Peripheral
cytopenias are common in patients with
myelodysplastic syndromes. We previously successfully treated three such patients with improvement of some
cytopenias with the impeded
androgen danazol. To confirm this finding and elucidate the mechanism of response, we treated an additional 22 patients with myelodysplasia with oral
danazol (600-800 mg daily) for 3-12 months. Eleven of 22 evaluable patients taking
danazol met our criteria for improvement of peripheral counts, mainly
thrombocytopenia. Chromosome analysis, marrow culture studies and serial bone marrow biopsies revealed no alteration of the abnormal clone or normal haematopoiesis in patients on
danazol therapy. This suggested that improvement in blood counts was not related to modulation of ineffective haematopoiesis. Investigation of the
thrombocytopenia in these patients revealed that most patients presented with markedly elevated platelet associated
IgG (PAIgG), elevated plasma platelet-bindable
IgG (PBIgG), and an elevated number of monocyte
Fc gamma receptors. Treatment with
danazol was associated with a decline in monocyte
Fc gamma receptor number without significantly altering the elevated PAIgG or PBIgG levels.
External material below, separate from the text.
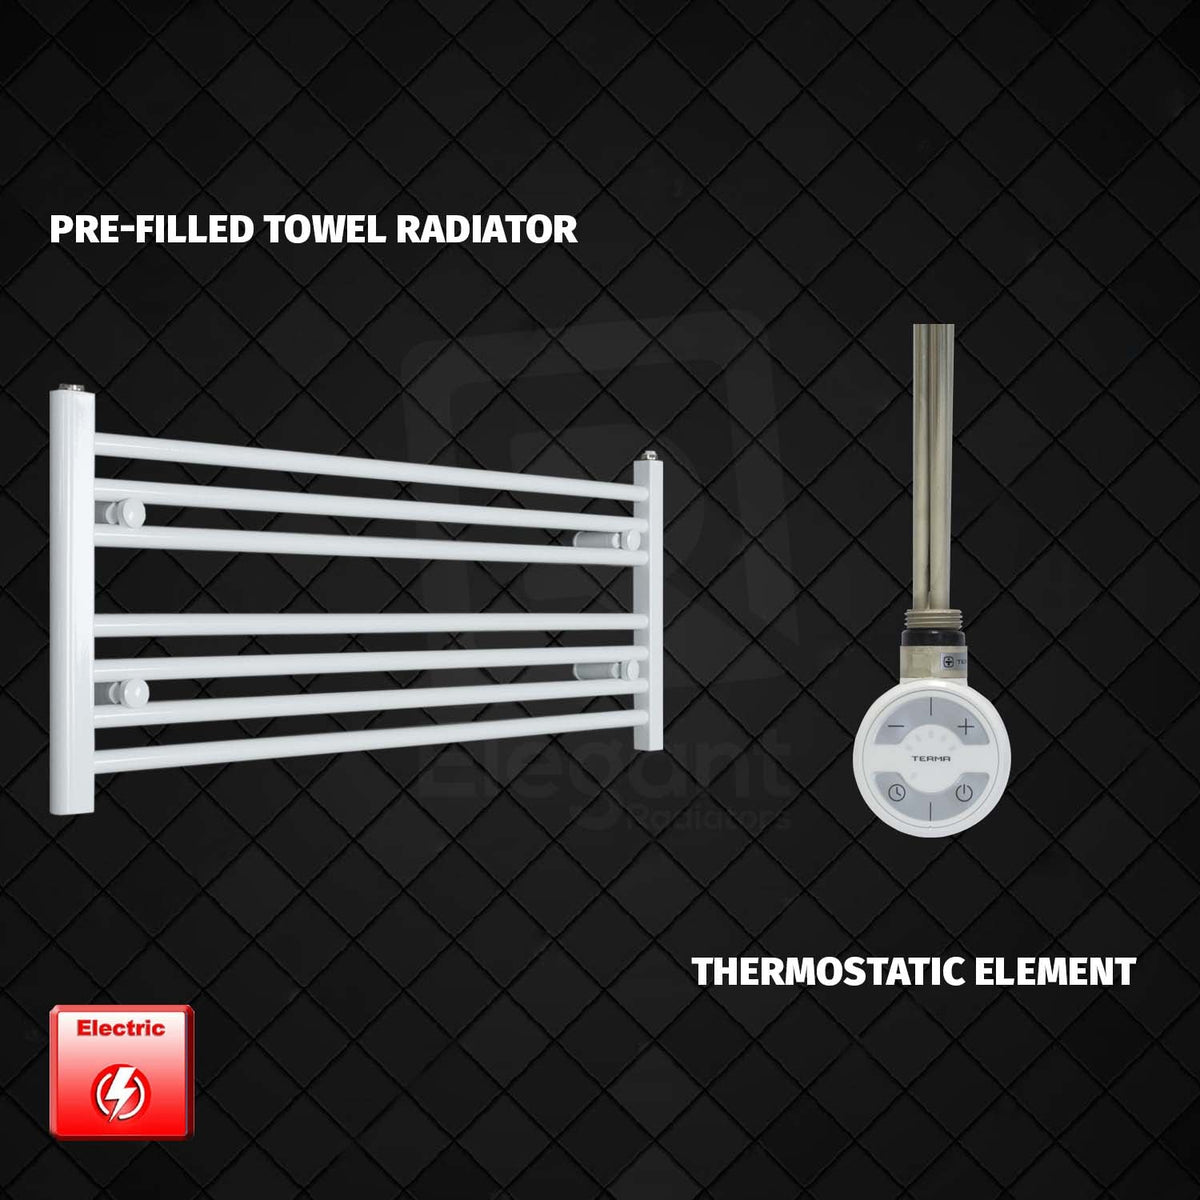 400mm High 1000mm Wide Pre-Filled Electric Heated Towel Radiator White HTR MOA Thermostatic element no timer

These results are similar to our observations in patients treated with
danazol for chronic idiopathic
thrombocytopenia purpura (
ITP). Our data suggest that a component of the
thrombocytopenia occurring in patients with myelodysplasia may be due to enhanced peripheral blood cell destruction by abnormal macrophages.
Danazol may modulate
cytopenia by decreasing the number of monocyte
Fc gamma receptors.
Danazol treatment was associated with minimal toxicity, but clinically meaningful responses were rare.